Exclude the pictures, then repeat the remaining data exactly.

#### Given material:
=======

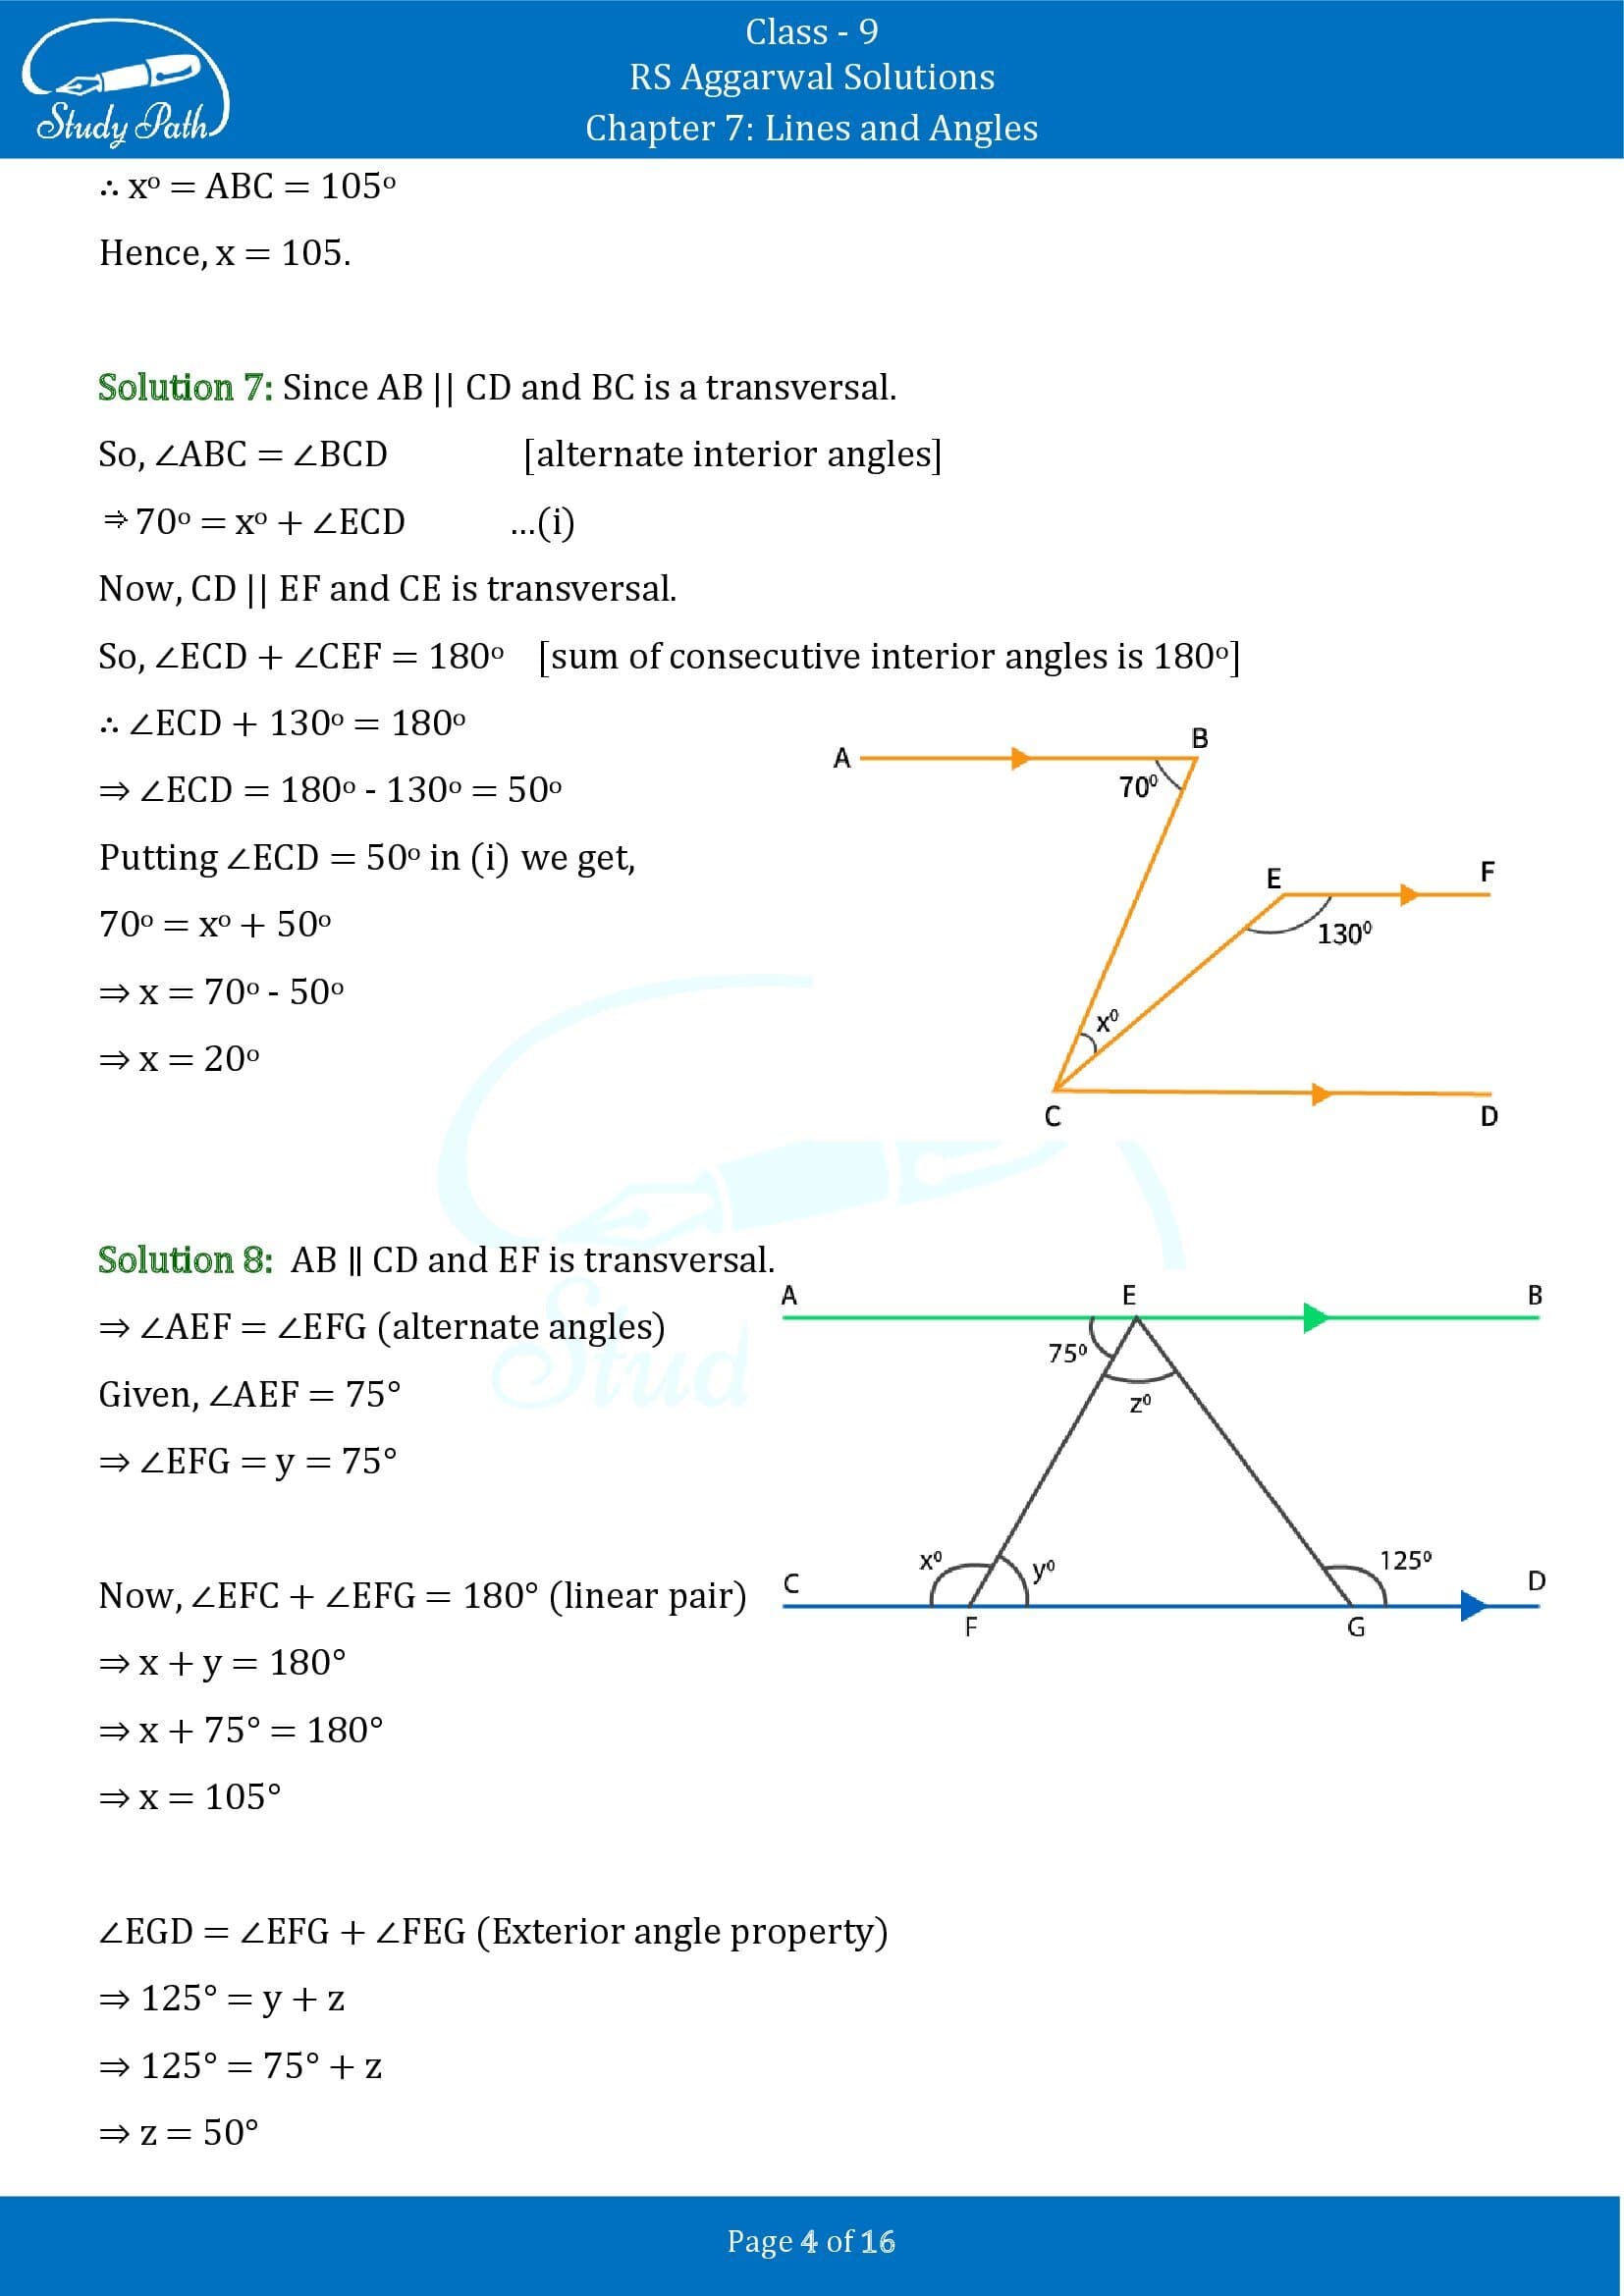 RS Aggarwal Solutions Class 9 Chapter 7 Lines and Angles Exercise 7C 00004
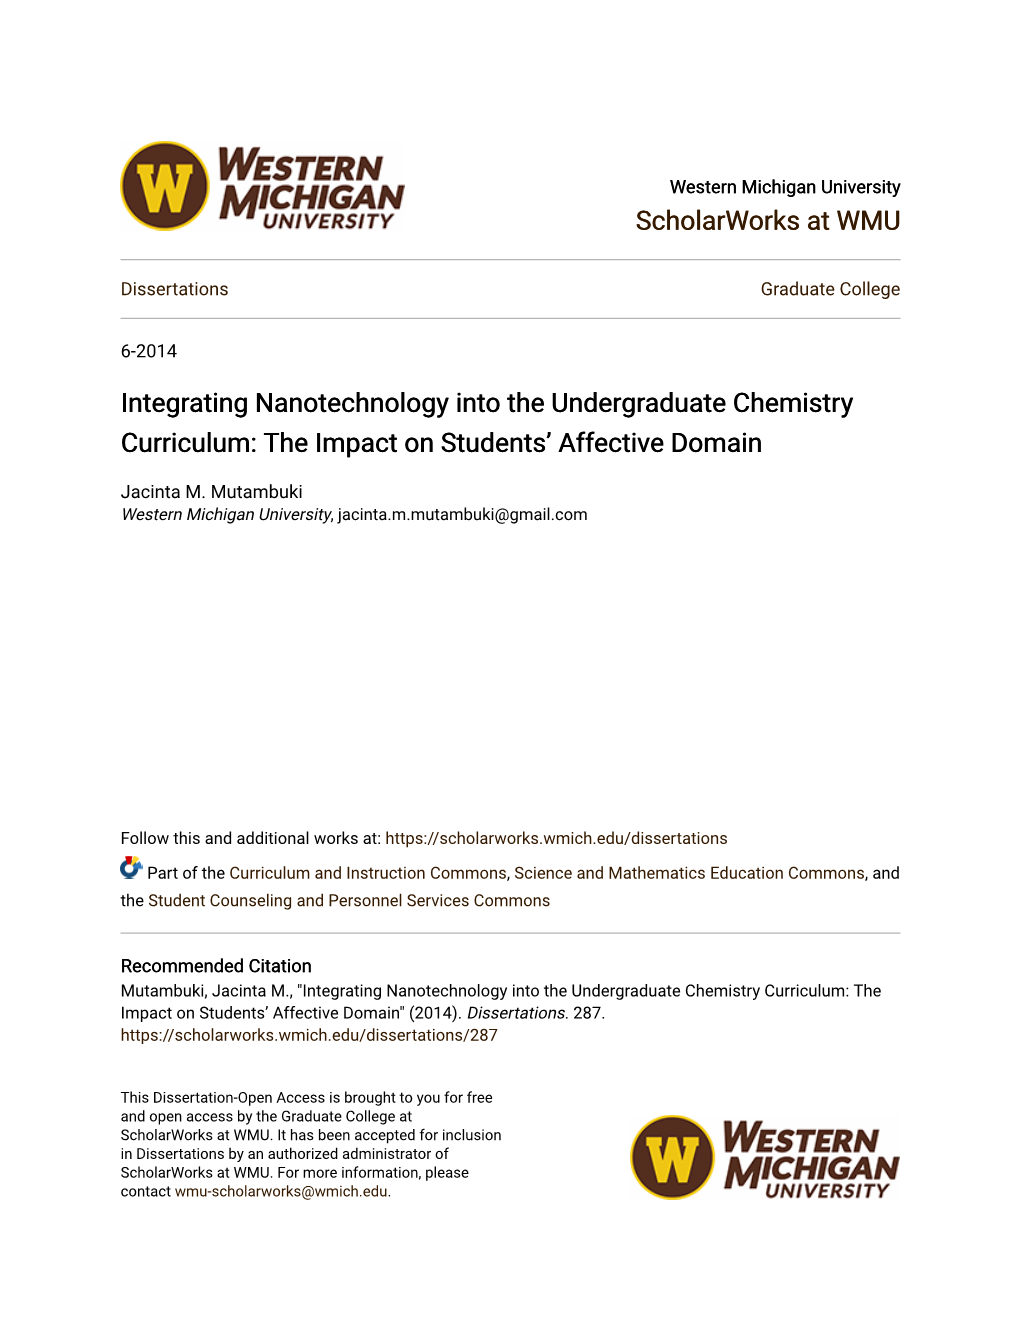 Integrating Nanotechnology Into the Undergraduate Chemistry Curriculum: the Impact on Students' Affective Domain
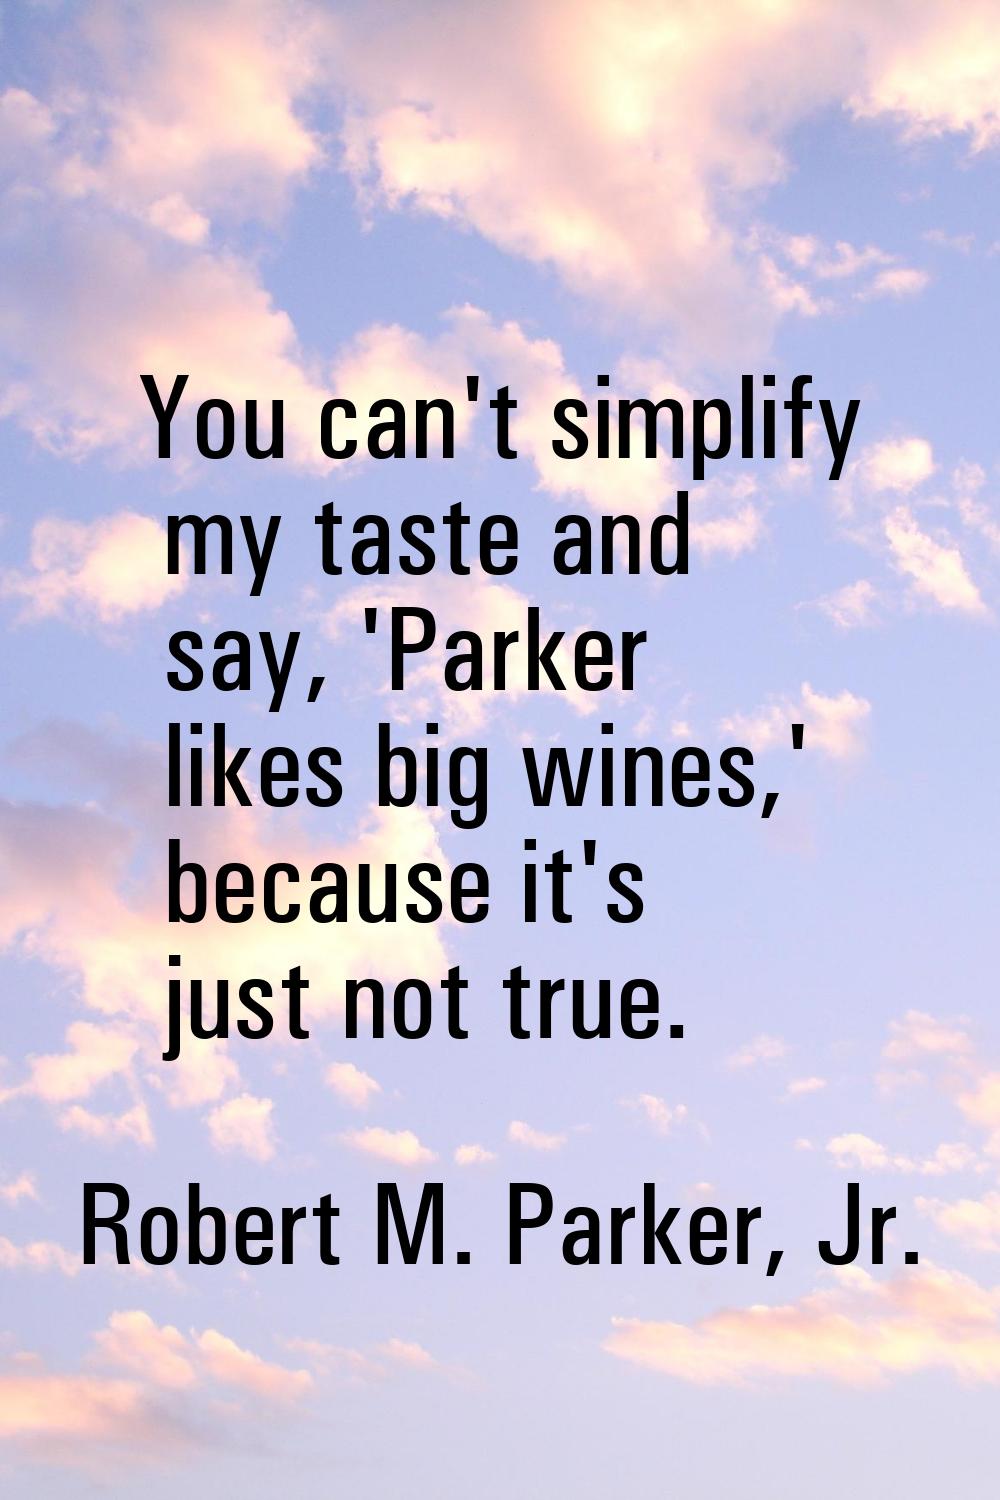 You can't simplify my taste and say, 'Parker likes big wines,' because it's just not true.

=======

#### Answer section:
 RS Aggarwal Solutions Class 9 Chapter 7 Lines and Angles Exercise 7C 00004
 Integrating Nanotechnology Into the Undergraduate Chemistry Curriculum: the Impact on Students' Affective Domain
 You can't simplify my taste and say, 'Parker likes big wines,' because it's just not true.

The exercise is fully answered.